I think the fear that focusing on long-term AI dangers will distract from short-term AI dangers is misplaced. Attention to one kind of danger will probably help draw more attention to other, related kinds of danger. Also, risks associated with extraordinarily capable AI systems appear to be more difficult and complex than risks associated with modern AI systems in the short term, suggesting that the long-term obstacles will require more lead time to address. If it is as easy to avert these dangers as some optimists think, then we lose very little by starting early; if it is difficult (but doable), then we lose much by starting late.

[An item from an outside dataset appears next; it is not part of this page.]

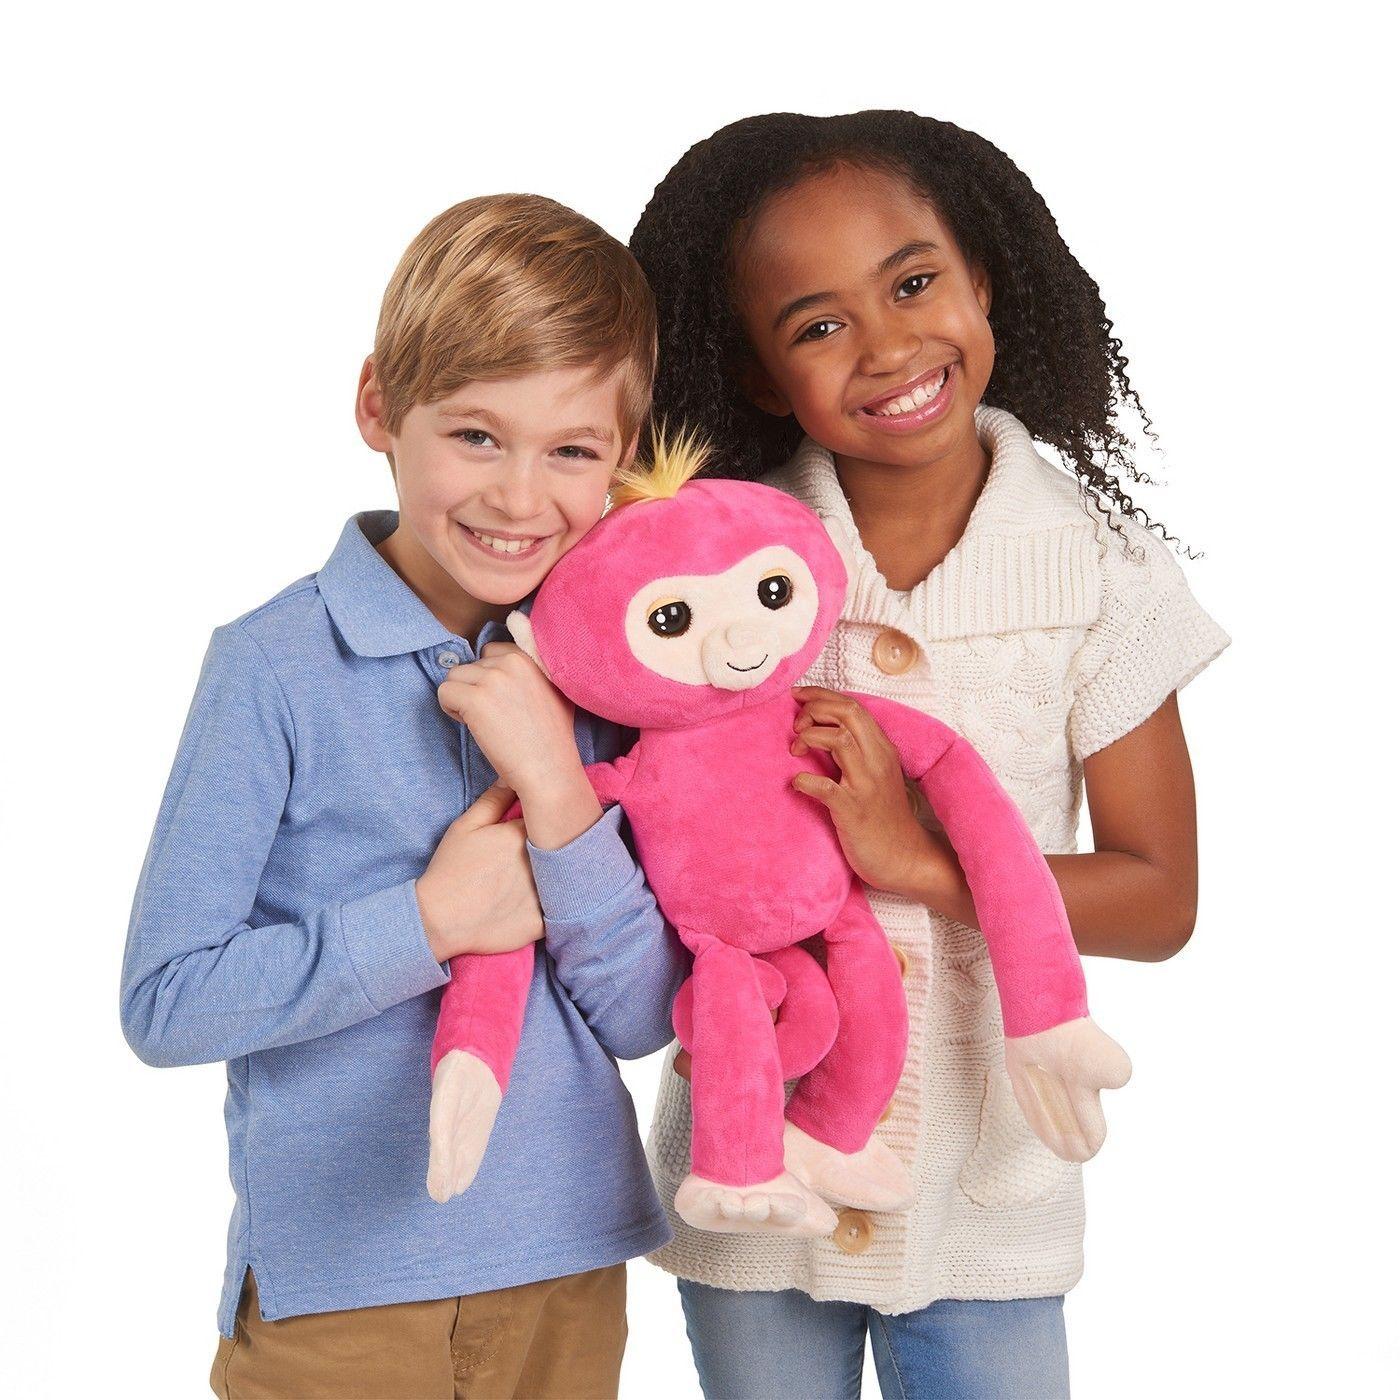 WooWee Fingerlings HUGS - Bella Pink- Friendly Interactive Plush Monkey Toy

With regards to outside-view concerns, I question how much we can learn about external reality from focusing only on human psychology. Many people have thought they could fly, for one reason or another. But some people actually can fly, and the person who bets against the Wright brothers based on psychological and historical patterns of error (instead of generalizing from, in this case, regularities in physics and engineering) will lose their money. The best way to get those bets right is to wade into the messy inside-view arguments.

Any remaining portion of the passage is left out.